That the Commission has not done more to implement the Draghi report is in large part the fault of foot-dragging by member-states. Although von der Leyen lacks economic expertise she has enough common sense to understand what is needed to make Europe more competitive – and to see that in her first term of office the Commission imposed too many onerous regulations on business.  

The Commission has gone further than I would have liked towards adopting French-style industrial policy – involving rules specifying EU-content requirements and sometimes old-fashioned protectionist tariffs. But in recent years the experiences of the Covid pandemic, the war in Ukraine, Chinese mercantilism and Donald Trump’s return to office have led many Europeans to worry about the security of supply chains, the risks of excessive dependency on particular countries and the need for Europe to become more self-reliant. Therefore elements of the EU’s shift towards industrial policy – such as the Critical Raw Materials Act, the Chips Act and the Net Zero Industry Act (which sets targets for the production of green technologies within the EU) – have attracted widespread support and can be justified. 

The Commission’s proposals for the next Multi-annual Financial Framework (MFF) – the EU budget from 2028-34 inclusive – are mostly good, seeking to curb spending on farming and regional aid, while boosting it for competitiveness and defence (see below). They also seek to link the provision of funds to the implementation of reforms by member-states. Given the political uncertainty and potential instability that besets many European countries, one can be thankful that the Commission is a relatively serious and sensible institution. 

The Channel narrows 

Russia’s leaders cheered when the British voted for Brexit. Whatever the rights and wrongs of Britain’s membership of the EU, Brexit weakened the West, by diminishing the EU’s military, diplomatic and economic potential. The often fraught and sometimes bad-tempered UK-EU relationship that persisted from 2016 to 2024 tarnished Europe’s global standing.  

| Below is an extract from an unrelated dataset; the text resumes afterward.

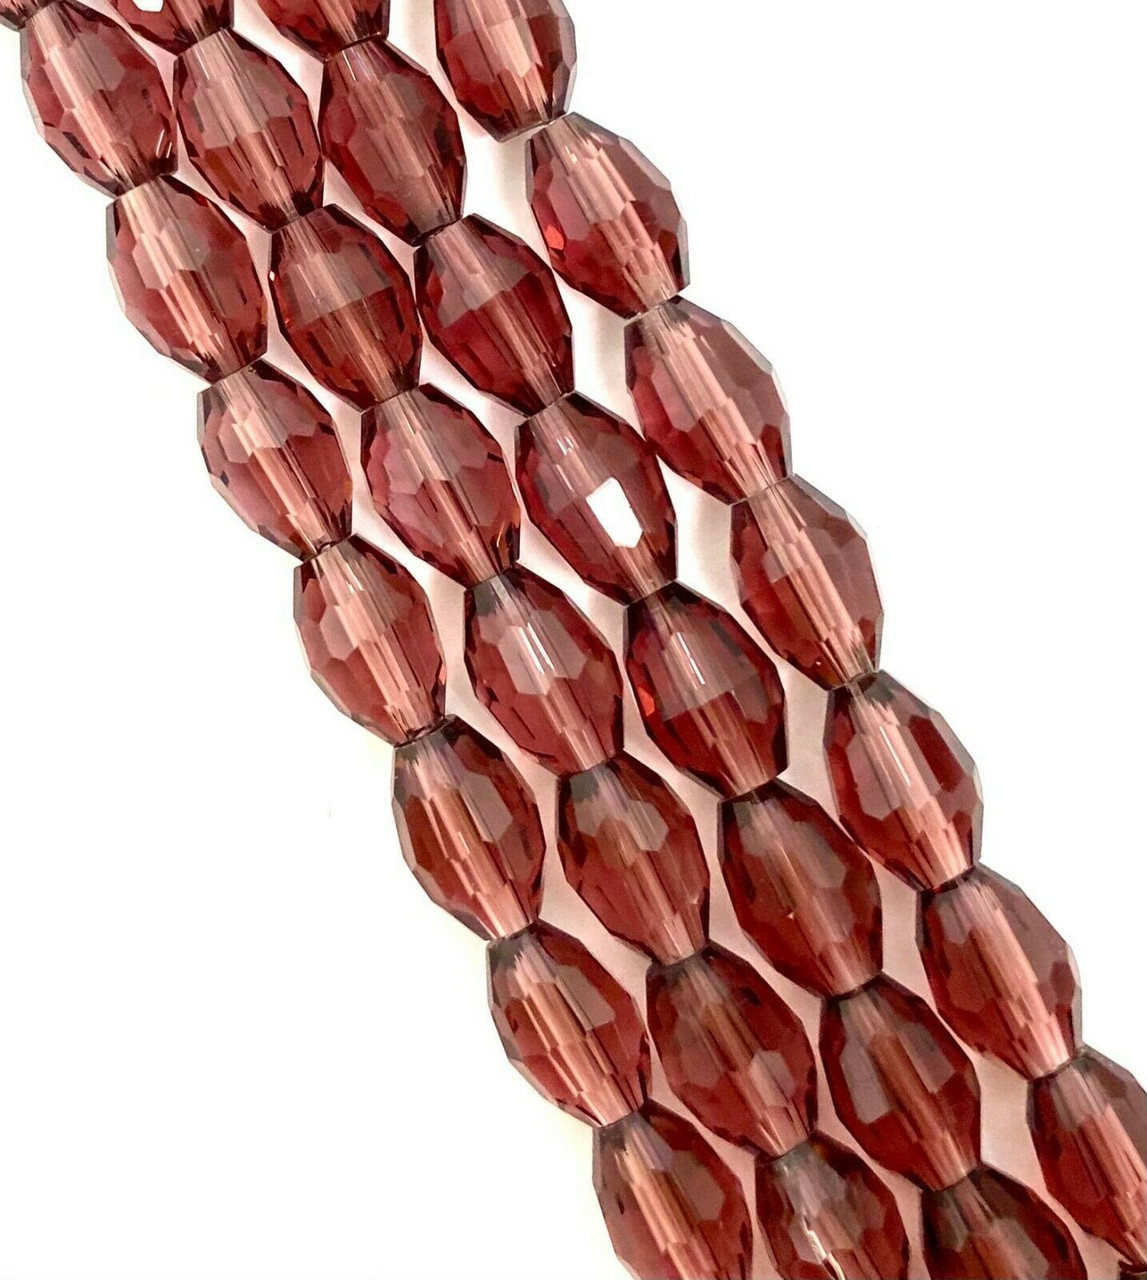 Strand of faceted rice glass beads - approx 6x4mm, PLUM, approx 72 beads

But since Labour took office in July 2024 there has been a genuine rapprochement, particularly in discussions on Ukraine and security. The ‘E3’ format, bringing together the leaders of Britain, France and Germany, has emerged as an important factor in the Ukraine diplomacy. So has the ‘coalition of the willing’, a broader group co-chaired by Britain’s Prime Minister Keir Starmer and France’s President Emmanuel Macron. Starmer, Macron and Germany’s Chancellor Friedrich Merz have learned to trust each other. When it comes to the high politics of Europe’s response to the Ukraine war, it does not matter very much that Britain is outside the EU: they work together closely on topics such as sanctions, aid for Ukraine and frozen Russian assets. 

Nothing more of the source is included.